A spokesman for the Transportation Security Administration said privacy laws precluded him from releasing any background information on King.

Channel 2 Action News reporter Tom Regan reviewed court records from Clinton County, Pennsylvania. According to the records, King was charged with nine offenses of harassment and stalking by communication in January 2001. A court clerk told Regan that King pleaded guilty and spent three months in jail for skipping a court appearance.

TSA has a long list of “disqualifying offenses” for employment at the federal agency that operates airport security. Those offenses include felonies, violent crimes, theft, and crimes involving security and transportation. Regan checked the list and found that it did not include misdemeanor offenses of harassing and stalking.

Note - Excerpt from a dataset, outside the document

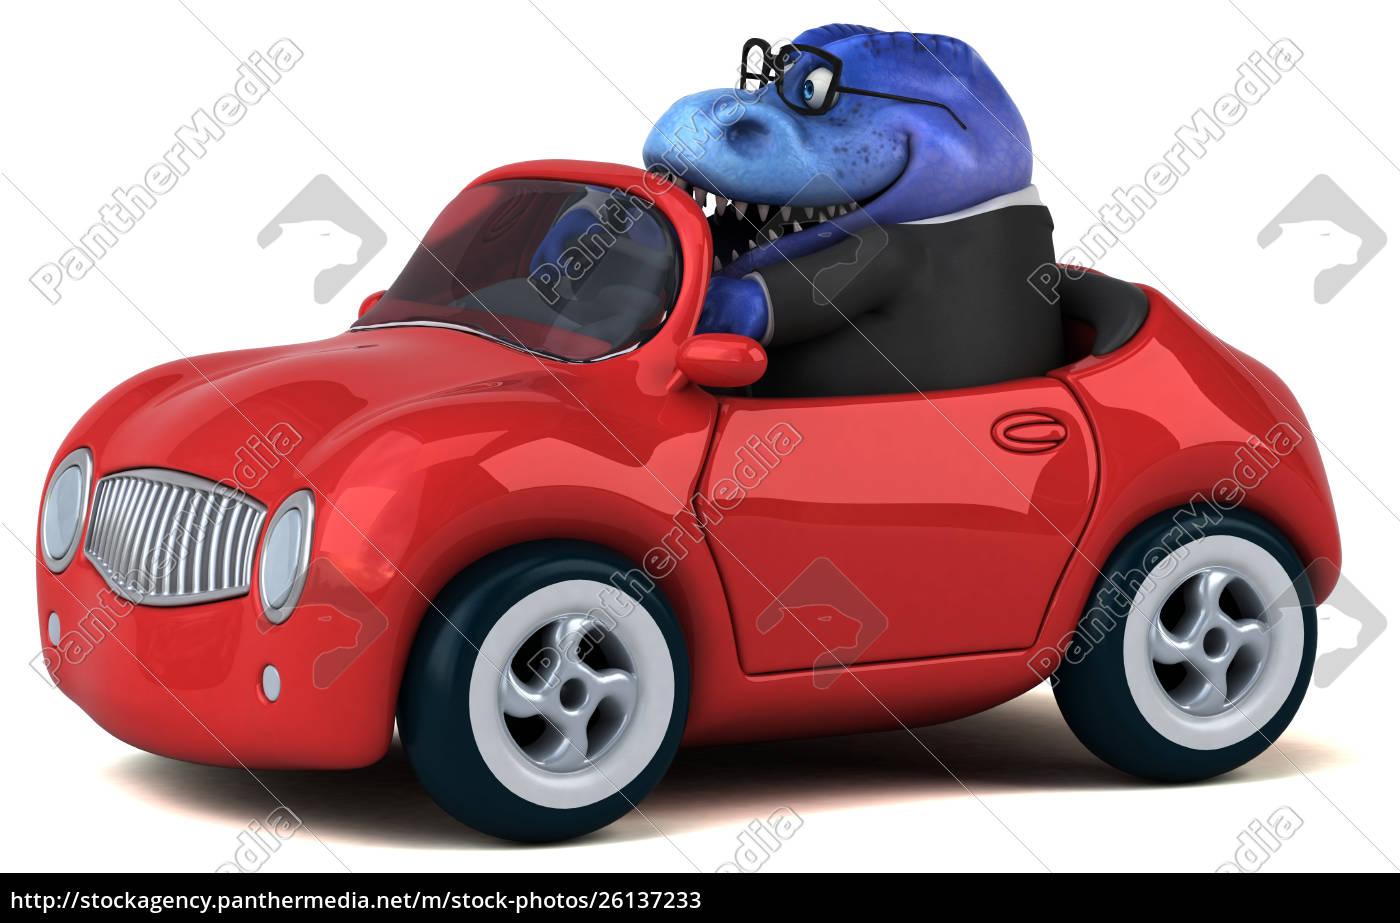 zabawna, żaba, -, ilustracja, 3d - 26137233

Brent Brown, a security expert who runs a company in Smyrna, told Regan that he believes a job candidate with a record of stalking should not be hired by the TSA.

“This type of misdemeanor, this is harassment. You’re putting a person in a public area. I would say that would disqualify him for employment,” said Brown.

Hogansville police told Channel 2 Action News that they have prepared warrants on the 49-year-old airport security worker but would not specify the nature of the charges.